Я расстегнул сорочку – вторую и третью пуговицы. Как раз там у меня на коже остался неглубокий порез примерно в дюйм длиной. Он уже подсох, и вокруг натруди остались ржавые следы крови. Сорожка была испачкана в нескольких местах. Пустяк. Я почти не чувствовал боли.
Лодж опять уселся. Я застегнул сорочку.
– Ну, – сказал он, покусывая кончик карандаша, – какие вопросы вы задавали по поводу майора Дэвидсона и кому?
– Вот это действительно самое странное во, всем этом деле, – сказал я. – Я почти ничего ни у кого не спрашивал. И мне, безусловно, никто ничего толком не сказал.
– Но вы кого-то задели за живое, – сказал Лодж. Он достал из ящика лист бумаги. – Назовите мне имена всех, с кем вы говорили об этой проволоке.
– С вами, – быстро ответил я. – И с миссис Дэвидсон. И все слышали, как я говорил во время следствия, как я нашел эту проволоку.

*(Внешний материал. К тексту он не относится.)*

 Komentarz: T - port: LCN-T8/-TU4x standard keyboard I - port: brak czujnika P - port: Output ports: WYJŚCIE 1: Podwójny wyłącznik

– Но я заметил, что пресса явно обошла вниманием материалы следствия. А о проволоке даже не было упомянуто, – сказал Лодж. – И ни у кого, кто видел вас на допросе, не могло создаться впечатление, что вы решили – кровь из носу! – распутать это дело. Вы приняли заключение следователя очень спокойно и ничем не выразили, что не согласны с ним.

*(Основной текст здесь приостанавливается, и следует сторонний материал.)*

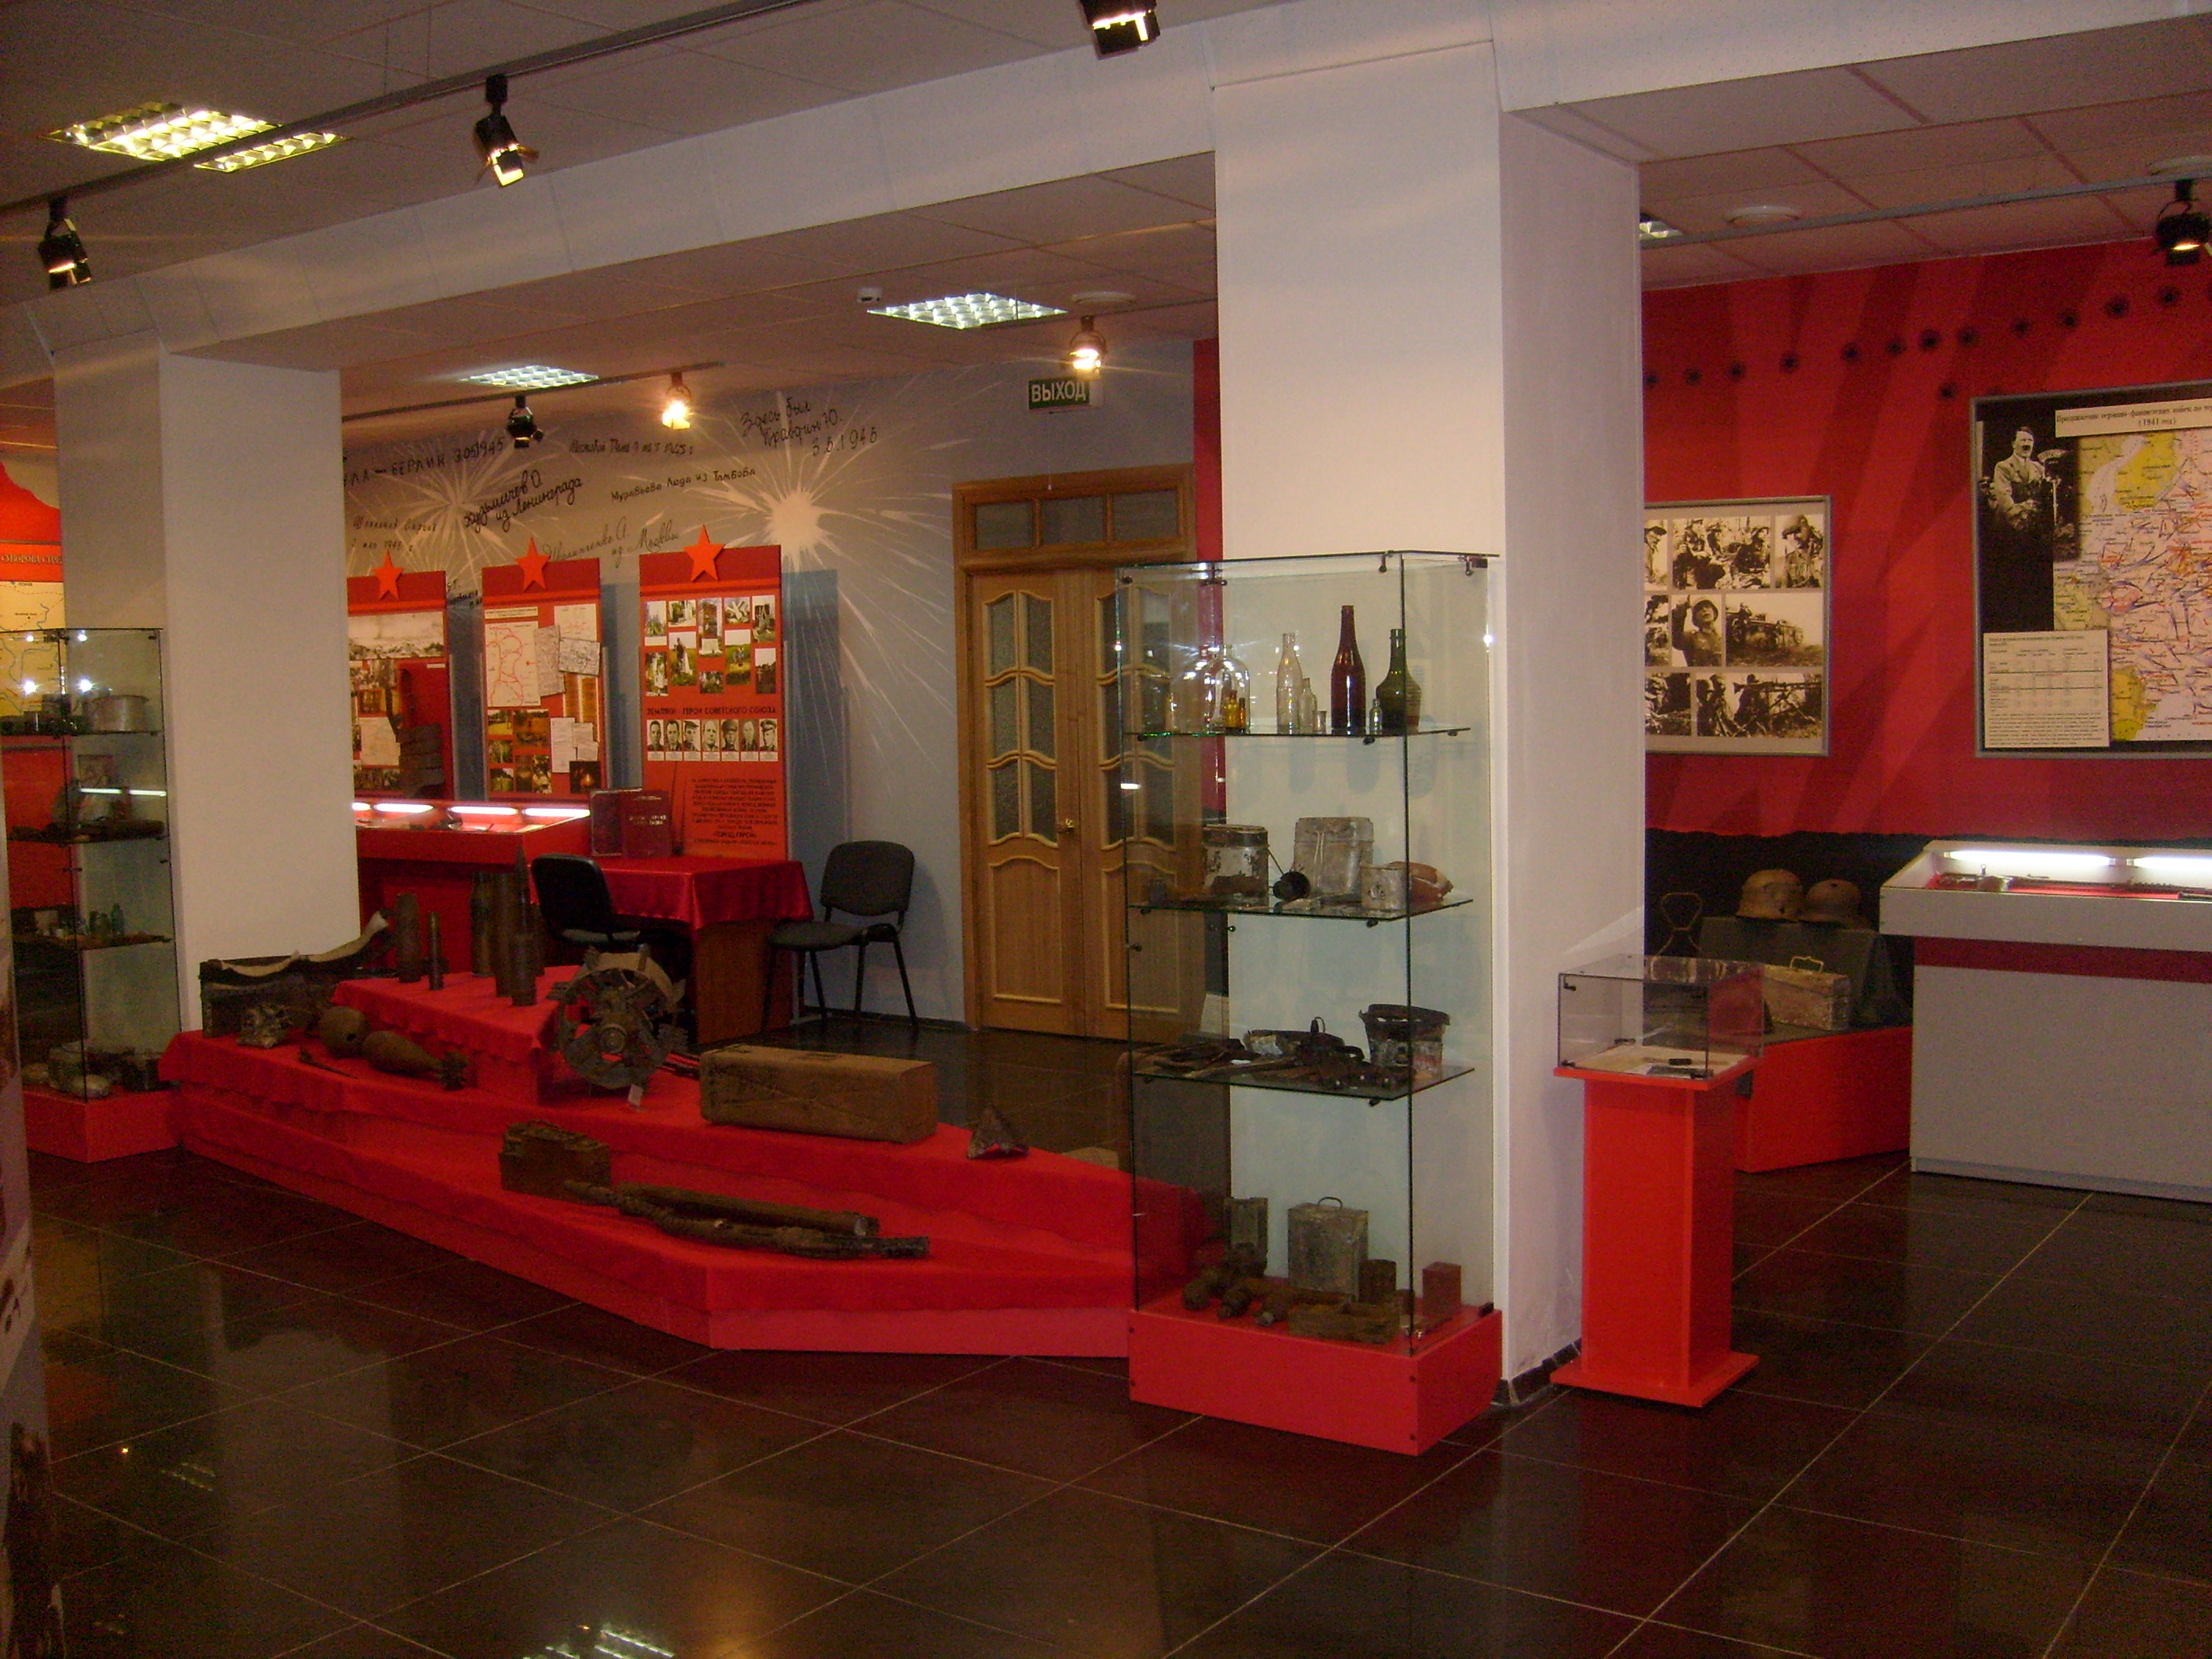 Музей обороны города Тулы в Великой Отечественной войне 1941-1945 гг.

– Спасибо, что вы предупредили меня заранее, чего мне ждать, – сказал я.
Список, составленный Лоджем, выглядел явно куцым на большом листе бумаги.
– Кто-нибудь еще? – спросил он.
– О... одна приятельница... некая мисс Эллери Пенн. Я сказал ей вчера вечером.

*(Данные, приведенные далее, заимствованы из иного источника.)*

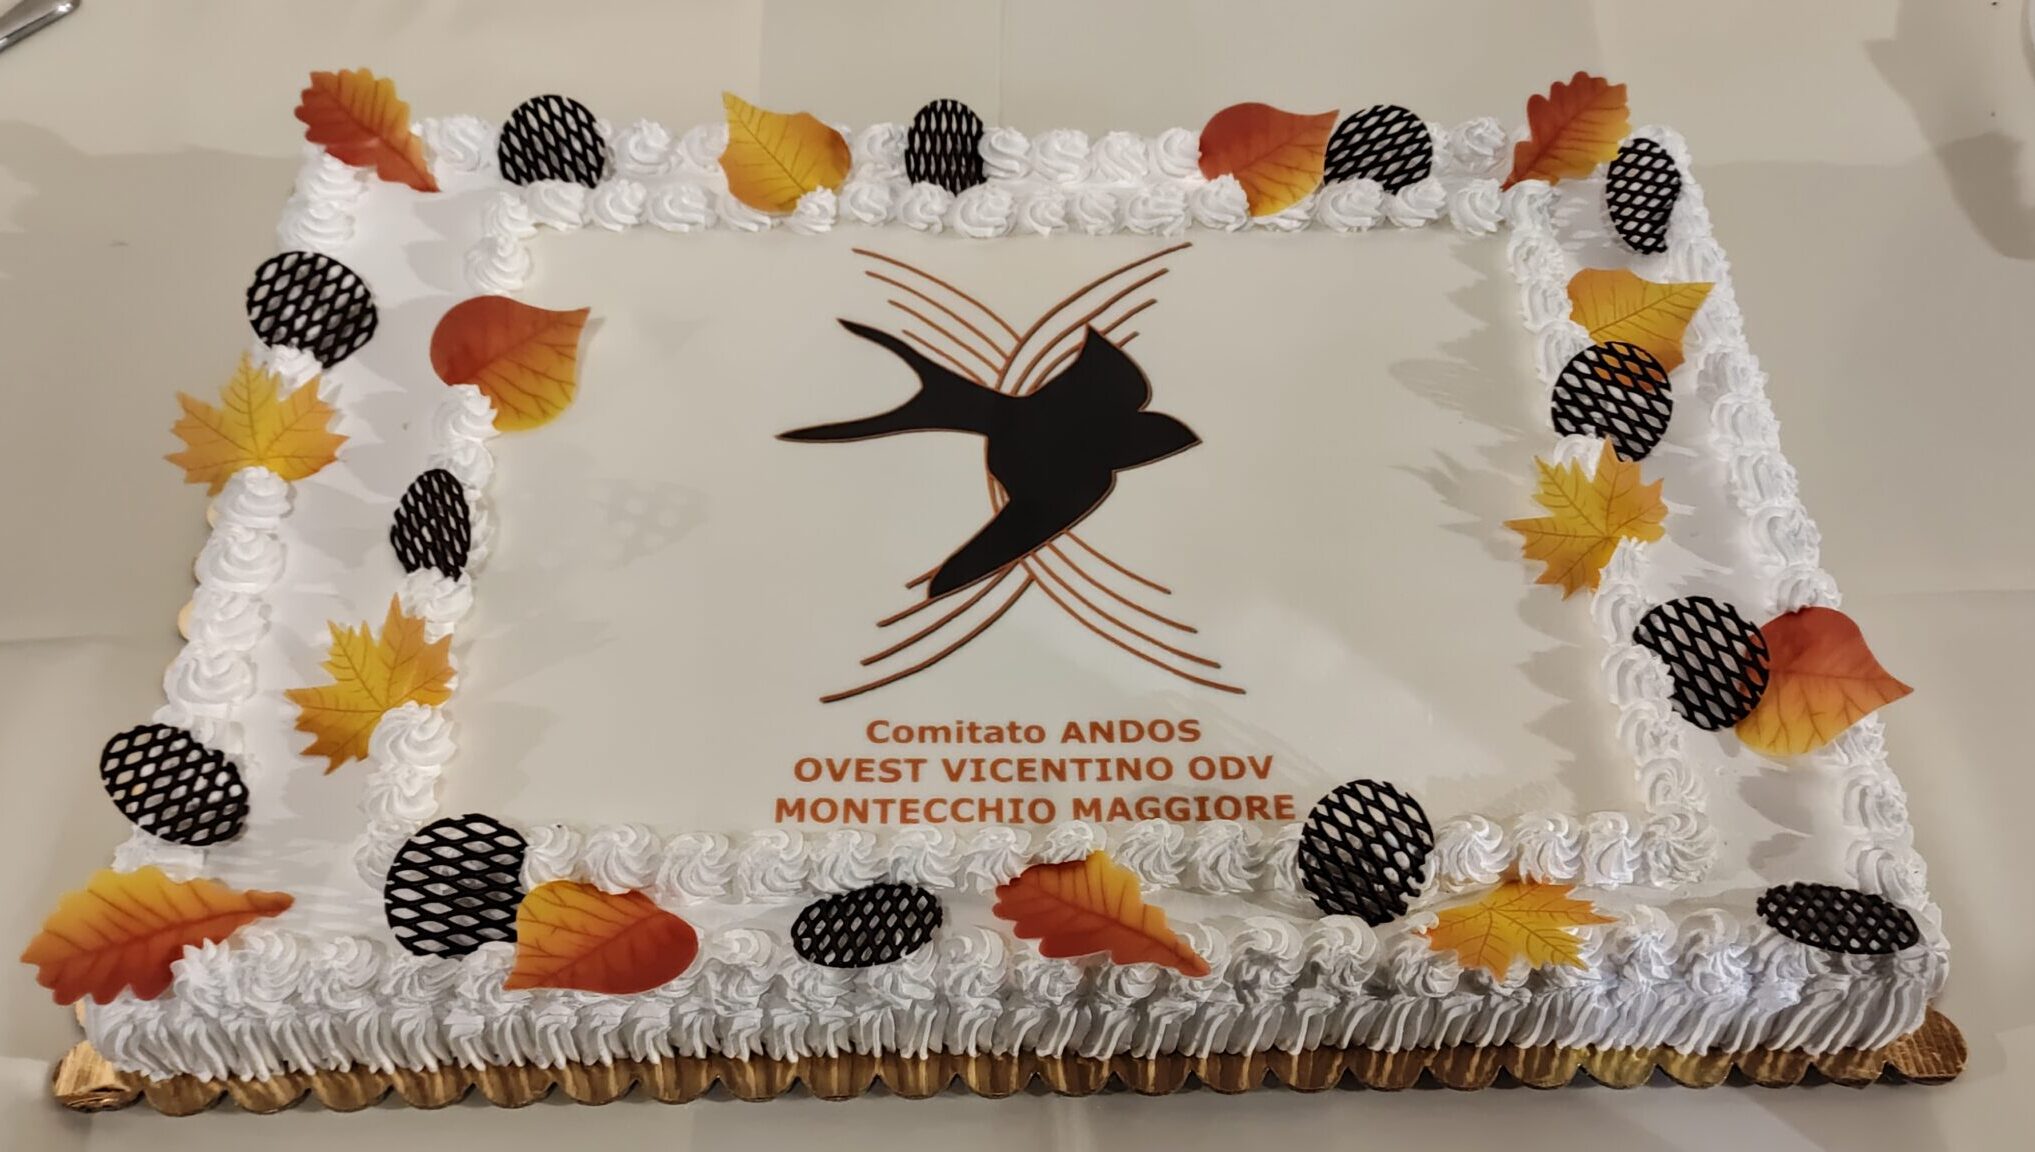 In 240 per festeggiare i 25 anni dell’Andos Ovest Vicentino

– Приятельница? – переспросил он грубовато.
– Да, – сказал я. Он записал и ее.
– Еще кто-нибудь?
– Нет.
– А почему нет? – спросил он, отодвигая лист.
– Я считал, что вам и сэру Кресвеллу нужно свободное поле действий. Я думал, что могу спутать вам карты, если начну задавать чересчур много вопросов. Ну чтобы люди не насторожились, отвечая на вопросы, что-то в этом роде. Но, судя по всему – вы же сами говорите, что бросаете это дело, – я, кажется, мог действовать свободно. – Я говорил с некоторой горечью.
Лодж внимательно посмотрел на меня.
– Вам неприятно, что вас считают юным и чересчур горячим, – сказал он.
– Двадцать четыре года – это уже не юность, – сказал я. – Помнится, был премьер-министр, который в этом возрасте управлял Англией. И неплохо управлял.
– Это к делу не относится, вы отлично понимаете, – сказал он.
Я усмехнулся.
Лодж сказал:
– Что вы теперь думаете делать?
– Поеду домой, – ответил я, взглянув на часы.
– Нет, я по поводу майора Давидсона.
– Задайте вопрос полегче, – ответил я быстро.
– Несмотря на предупреждение?
– Именно по этой причине, – сказал я. – Самый факт, что пять человек были посланы запугать меня, показывает, сколько тут кроется. Билл Дэвидсон был хорошим другом, вы знаете. Я не могу смиренно позволить тому, кто был причиной его смерти – кто бы он ни был, – остаться безнаказанным. – Я подумал секунду. – Прежде всего я разыщу владельца тех такси, которые водят Чубчик и компания.
– Ну что же, неофициально я желаю вам удачи, Но будьте осторожны, – сказал Лодж.
– Конечно, – сказал я, вставая. Лодж проводил меня до самой двери на улицу и пожал мне руку.
– Держите меня в курсе, – сказал он, – Хорошо.
Он дружески помахал мне и занялся делами.
Я возобновил свое прерванное путешествие в Котсуолд. Плечи у меня отчаянно болели, но, пока я сосредоточивался мыслями на истории с Биллом, я забывал об этой боли.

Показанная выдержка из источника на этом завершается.